Pooling
Last updated
Last updated
Janction does this by integrating deep learning or other compute services into tools that support a microservices architecture, where each function is executed in a separate container (Docker, for example). We start with a simple virtualization of GPU arithmetic resources for use by different container applications, which involves splitting the physical GPU into multiple fixed-size vGPUs, each with equal arithmetic and graphics memory. It has been proven that different AI models have different requirements for computing power and graphics memory resources. Therefore, such a slicing approach does not meet the diverse needs of AI models.GPU virtualization is mainly Time-slicing, Multi-Process Service, Multi-Instance GPU, etc.

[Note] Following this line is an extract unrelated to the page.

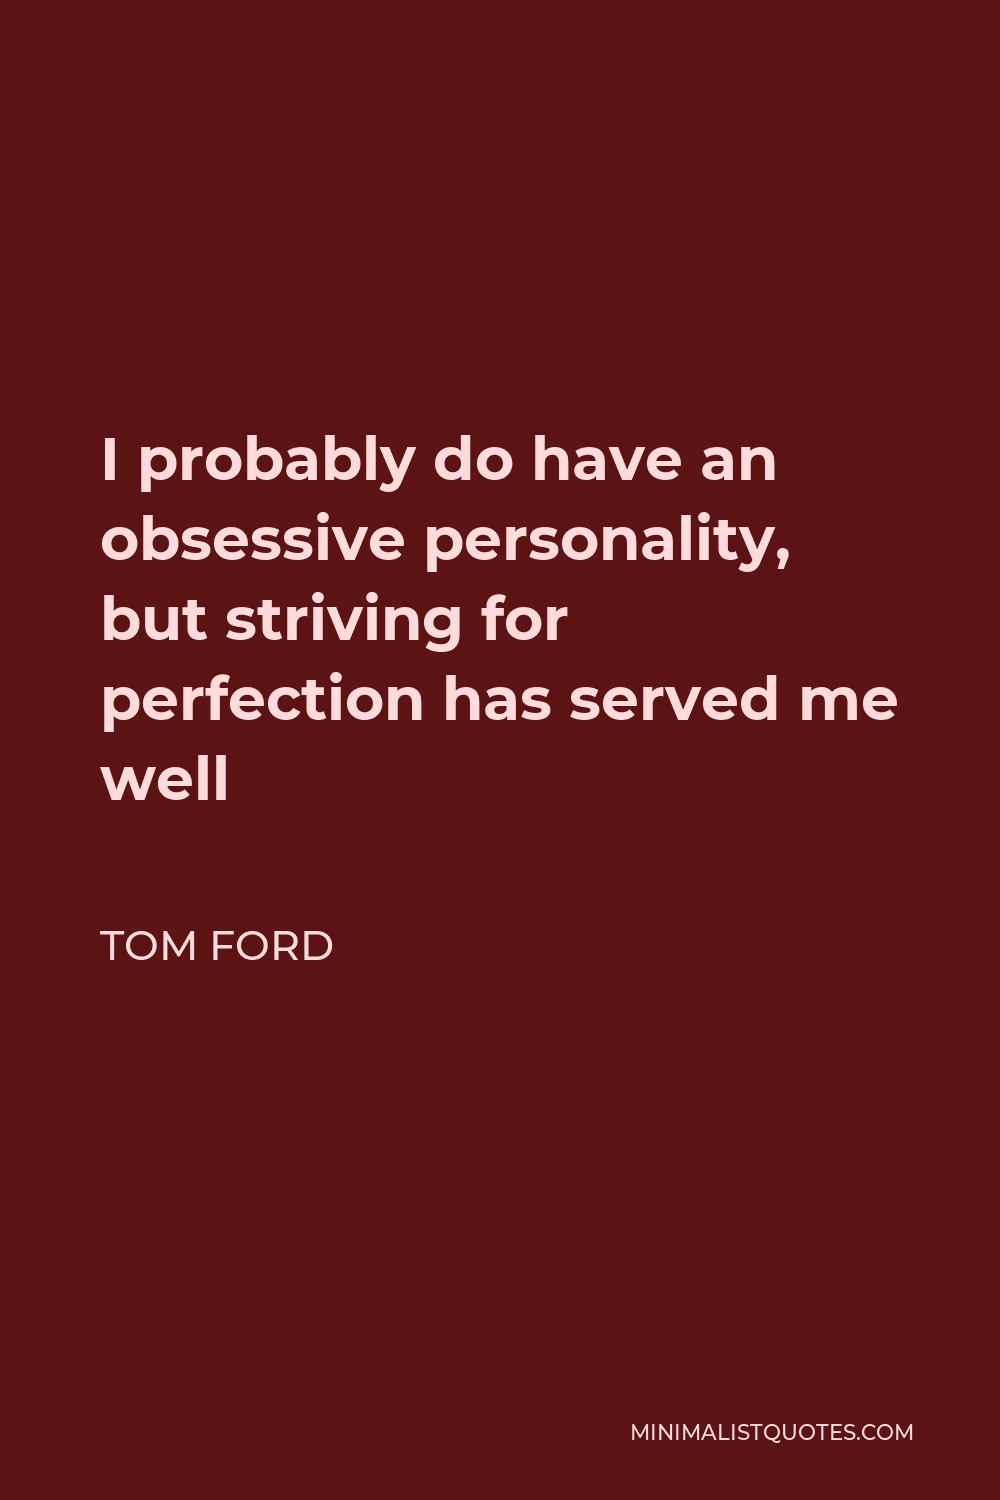 Tom Ford Quote: I probably do have an obsessive personality, but striving  for perfection has served me well

Time-slicing uses a simple oversubscription strategy to invoke the time-slice scheduler of GPUs. Time-slicing uses a simple oversubscription policy to invoke the GPU's time-slice scheduler to achieve concurrent execution of multiple CUDA applications through GPU time sharing; Multi-Process Service is an alternative binary-compatible implementation of the CUDA Application Programming Interface (APPI) that allows multiple streams or CPU processes to make CUDA Kernel calls to the GPU at the same time, combining them into a single The Multi-Instance GPU feature (starting with the NVIDIA Ampere architecture) allows the GPU to be securely partitioned into up to seven separate GPU instances, partitioning the system's available GPU compute resources (including stream multiprocessors, SMs, GPU engines, and so on) to provide the ability for different clients (e.g., virtual machines, containers, or processes) to run their applications in a single GPU. The GPUs are partitioned into up to seven separate instances of the system's available GPU compute resources (including streaming multiprocessors, SMs, GPU engines, etc.), providing quality assurance with fault isolation for different clients such as virtual machines, containers, or processes.
Each microservice interoperates with other microservices in a lightweight and loosely coupled way via RESTful APIs. Janction provides Serverless container batch management and scheduling interfaces as the backend of the entire distributed AI service, and these interfaces automatically manage the allocation of resources as well as storage and bandwidth in the GPU market in real-time. Then Janction builds cross-cluster arithmetic service routing protocols based on VxLAN, and applies appropriate scheduling policies (Gang-scheduling, Fair-share scheduling, DRF scheduling) in the distributed GPU arithmetic network to complete the entire microservice-based implementation of the Serverless Distributed pooling of resources system.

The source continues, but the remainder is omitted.